OpenMathReasoning
A comprehensive corpus for advanced mathematical resolution, combining reasoning chains, generation selection, and integrated inference tools.
3.2M CoT solutions, 1.7M TIR solutions, 566K GenSelect, 193K statements alone; textual data structured in JSON
CC-BY 4.0
Description
OpenMathReasoning is a large-scale mathematical reasoning dataset designed to train language models to solve complex problems from AoPs forums. It includes more than 306,000 unique statements, with several million solutions generated using various strategies: thought chains (CoT), reasoning with integrated tools (TIR), and automatic selection of the best answers (GenSelect).
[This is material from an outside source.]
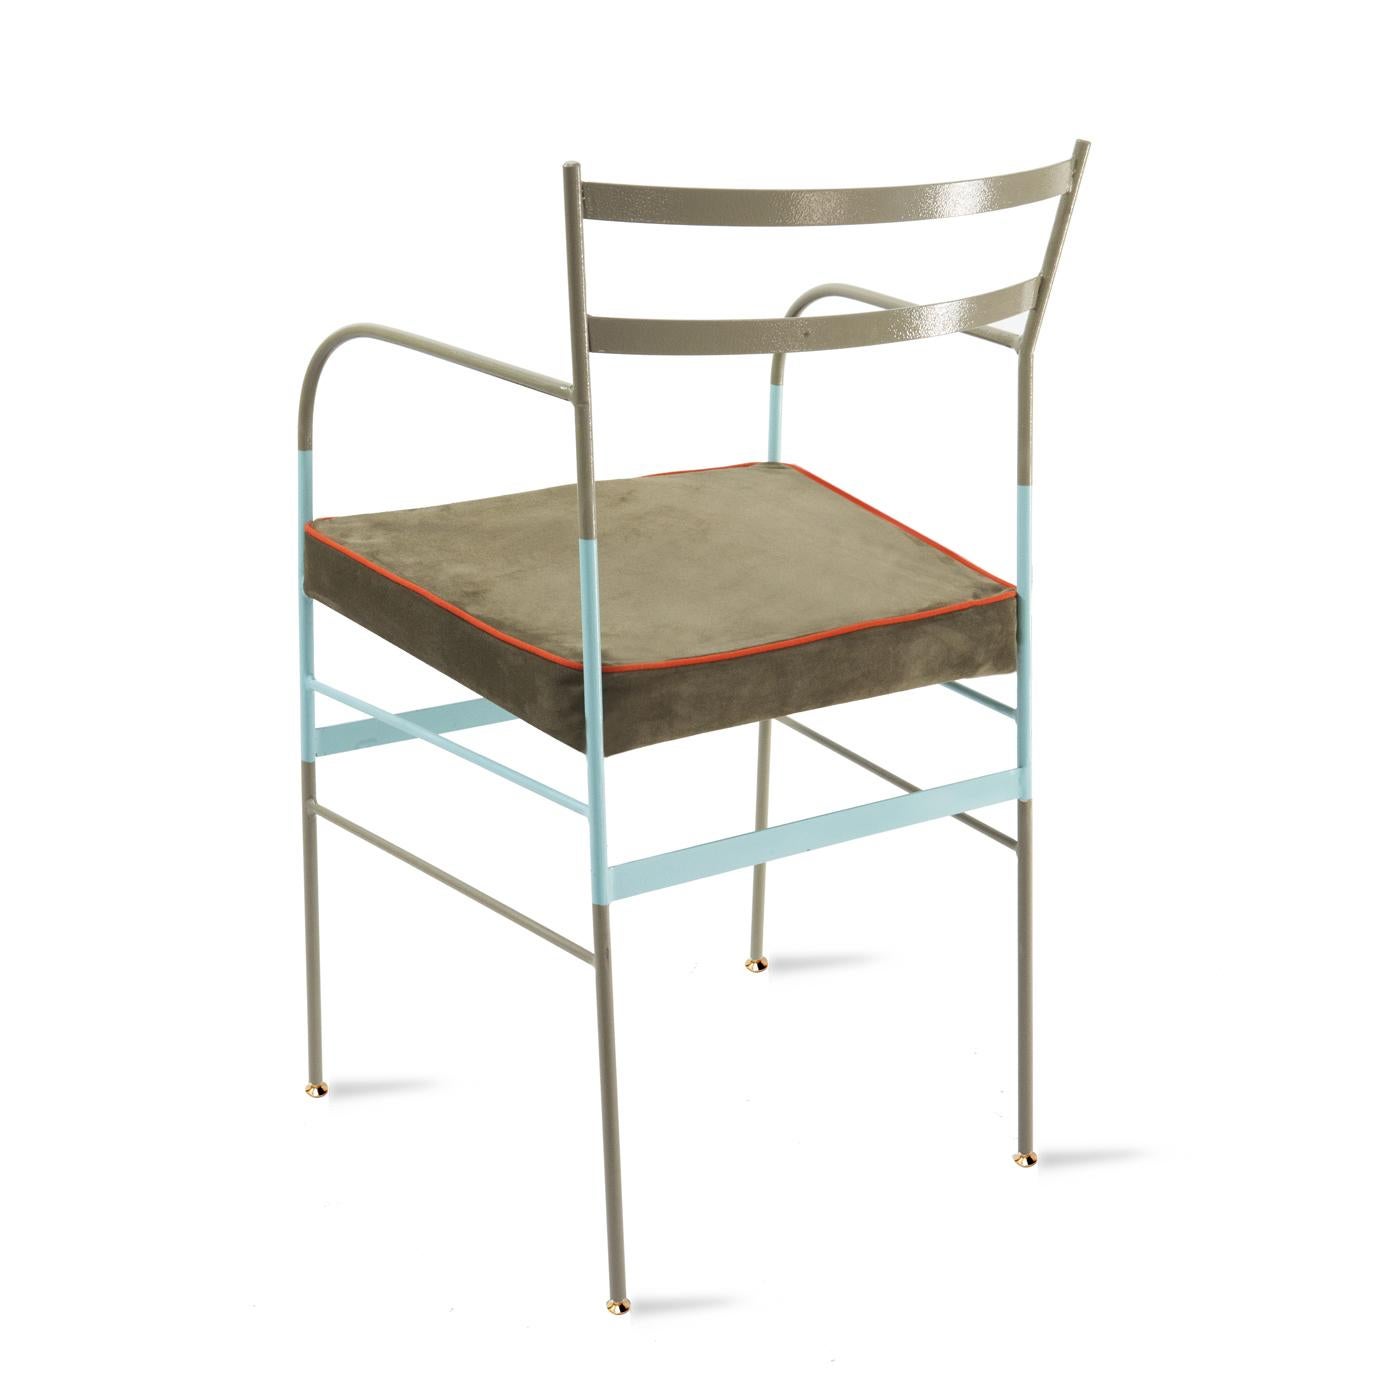 Bold piping on graceful tones of suede produces a neo-retro quality, finished with a uniquely organic compound paint and polish to prevent rust. Handcrafted in Italy from high-strength iron, these garden chairs by Sotow boast both style and

The dataset is structured, validated and accompanied by rich metadata (generator model, success rate, etc.).
What is this dataset for?
- Train efficient mathematical reasoning models capable of solving Olympic-level problems
- Test various approaches: CoT, TIR, majority vote, etc.
- Optimize the training of LLMs specialized in STEM or educational applications
Can it be enriched or improved?
Yes, it is possible to add human annotations for the responses generated, to integrate other mathematical corpora (e.g. MATH, miniF2F), or to structure the problems by theme or level. The dataset can also be used as a basis for new benchmarks or for training models in other languages with adapted translation.
🔎 In summary
🧠 Recommended for
- Mathematical AI researchers
- LLM STEM developers
- Educational AI competitions
🔧 Compatible tools
- PyTorch
- Hugging Face
- DeepSpeed
- Transformers, VllM
💡 Tip
Filter problems by difficulty or success rate to better tailor the training to the ability of the model.
Frequently Asked Questions
Does the dataset cover all types of math problems?
It covers a wide variety, but mostly from AOPs forums. The standard problems are adapted to competitions and advanced reasoning.
Can we filter the data according to the type of reasoning used?
Yes, each example indicates the mode of inference: CoT (chain of thought), TIR (with tools) or GenSelect (response selection).
Is it suitable for fine-tuning without high-end GPUs?
Better exploited with powerful resources, but some subsets can be used with quantization or LoRa.